Muſe fit aux Eleens vn Iupiter de bronze, dedié & donné au Temple de Iupiter Populaire, par les Corinthiens.

Mys excellent graueur, & tres-habile tailleur en bois, graua ſur le bouclier de Minerue la bataille des Lapithes & des Centaures : Phidias auoit fait cette Minerue de bronze.

Naucy de natif d’Argos fit le ſimulacre d’Hebé au Temple de Iunon, en la prouince de Mycene, & vne Hecate de bronze à ſes citadins.

Nicagore natifue de Sicyone, bonne graueuſe, fit aux Corinthiens vn Hercule transformé en ſerpent, qui d’Epidaure fut charroyé à Corinthe auec vn grand attelage de harnois & de cheuaux à cauſe de ſa groſſe peſanteur.

Nicerat fondit vn Æſculape auec ſa fille Mygie.

Nicearche, peintre notable fit pluſieurs excellentes pieces, entre leſquelles la principale fut Pan luttant auec Cupidon, qui ſembloient eſtre eſgaux en forces ; & vn Cupidon auec Venus entre les Grâces : Item vn Hercule ſi peſneux qu’il montroit vn air ayant honte de ſon infamie.

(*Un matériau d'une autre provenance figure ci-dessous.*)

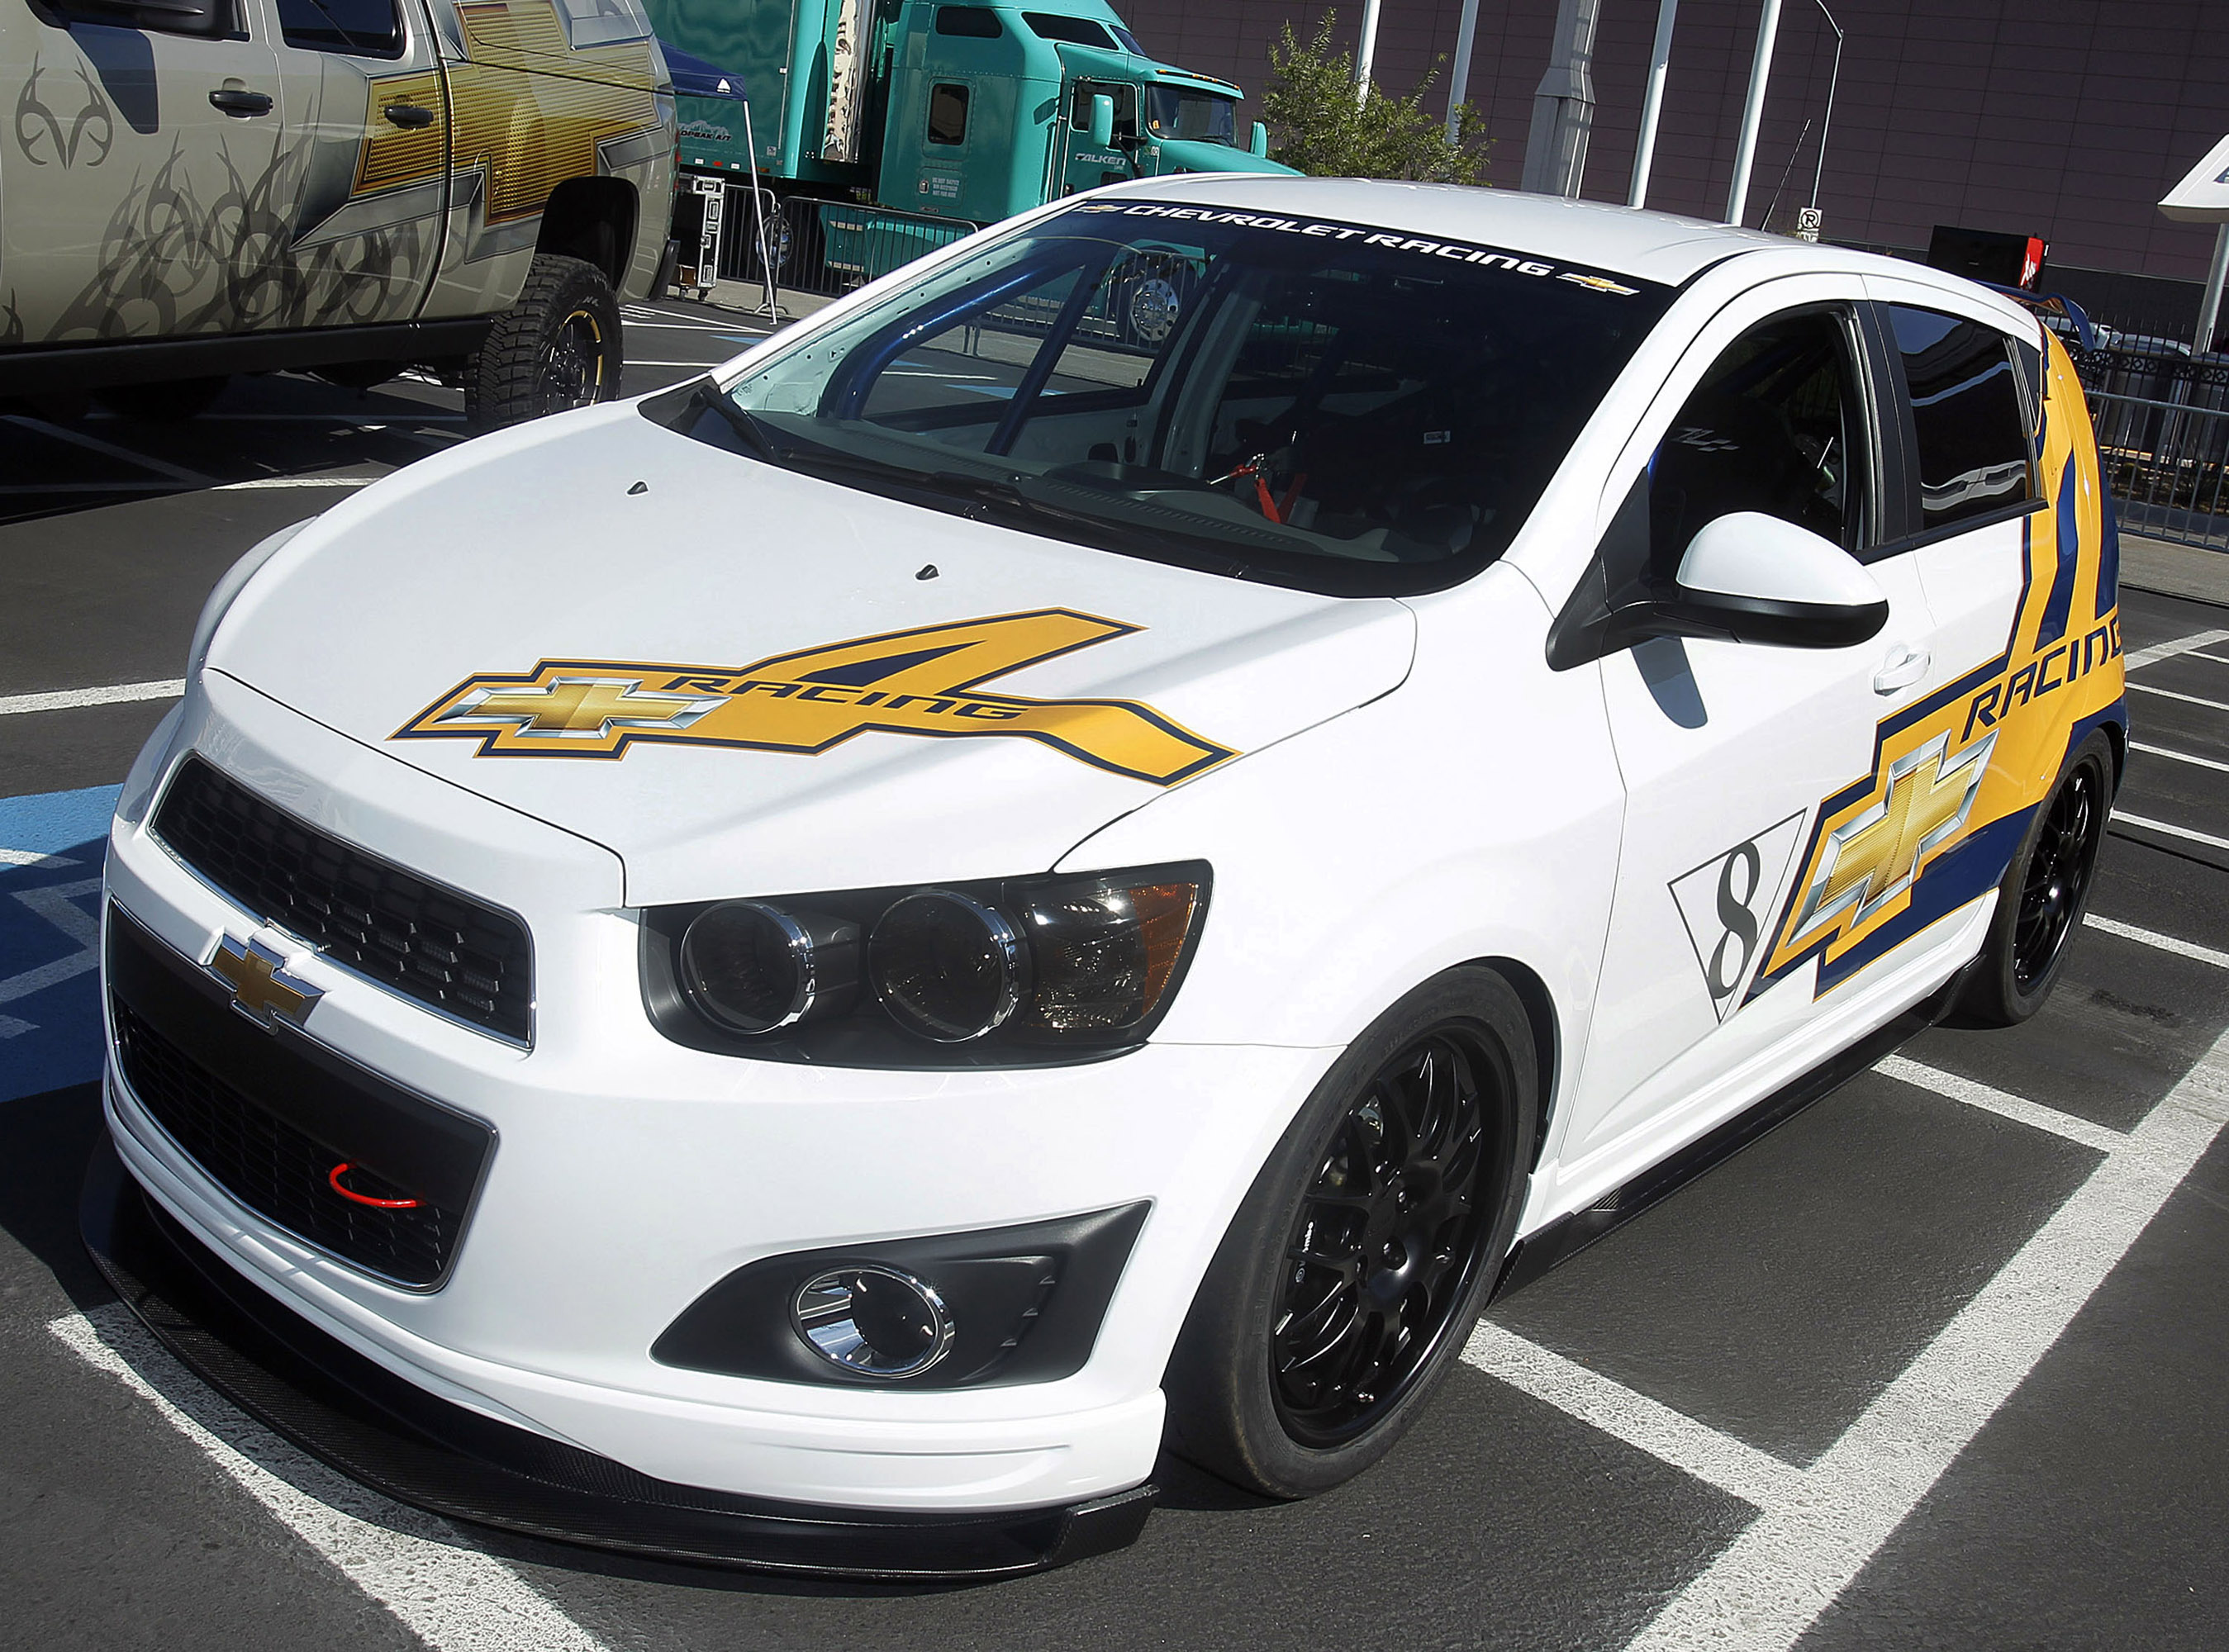 Chevrolet Sonic Super 4 Concept

Nicias Athenien fils de Nicomedés, viuant, en la 112. Olympiade, trouua moyen de ſi bien contrefaire en couleurs, le clair, l’obſcur & luiſant, que ſes pourtraits ne ſembloient pas eſtre peints ; mais conſiſter d’eux-meſmes, tant il les repreſentoit au vif. On faict mention d’vn Bacchus qu’il fit auec vn admirable artifice : & d’vne Io, d’vne Andromede & d’vne Calypſo ; pieces dignes d’eſtre veues. Il peignit à Athenes les Enfers ſelon la deſcription d’Homere : tableau que tous ſpectateurs admiroient : puis il exprima au pinceau la beauté d’Hiacynthe, & la ferocité du taureau de Marathon. Au reſte iamais ne ſe trouua peintre plus habile à pourtraire les animaux, principalement les chiens.

Nicodeme fit aux Eleens vn Hercule en aage d’vn ieune garçon : ouurage excellemment beau.

Nicomache fils d’Ariſtodeme fit auſſi de tres-belles beſongnes, entre leſquelles on loüe fort celles-cy, la Mere des Dieux ſeant en vn throne auec vne venerable majeſté, autour de laquelle on voyoit germer & fleurir vne merueille de fleurs & de fruicts. Pluſieurs d’entre les Dieux ſe tenoient prés d’elle pour receuoir & executer ſes commandemens. Plus vne Proſerpine rauie par Pluton, qui paroiſſoit entrer ſous terre : Scylle monſtre marin : Apollon & Diane, & Rhoe ſiſe ſur le dos d’vn Lion.

Olympioſthene tailla trois Muſes en Helicon ainſi que Cephiſodote.

Omphalion peintre, diſciple, de Nicias fils de Nicomedés, fit vn braue Æſculape aux Meſſeniens, & vn Triton voguant emmy la mer ſur le dos d’vn Daulphin : Podalire, & Machaon medecins, & Hygie fille d’Æſculape tres-belle, œuure incomparable, montrant vn air de viſage riant & gaillard.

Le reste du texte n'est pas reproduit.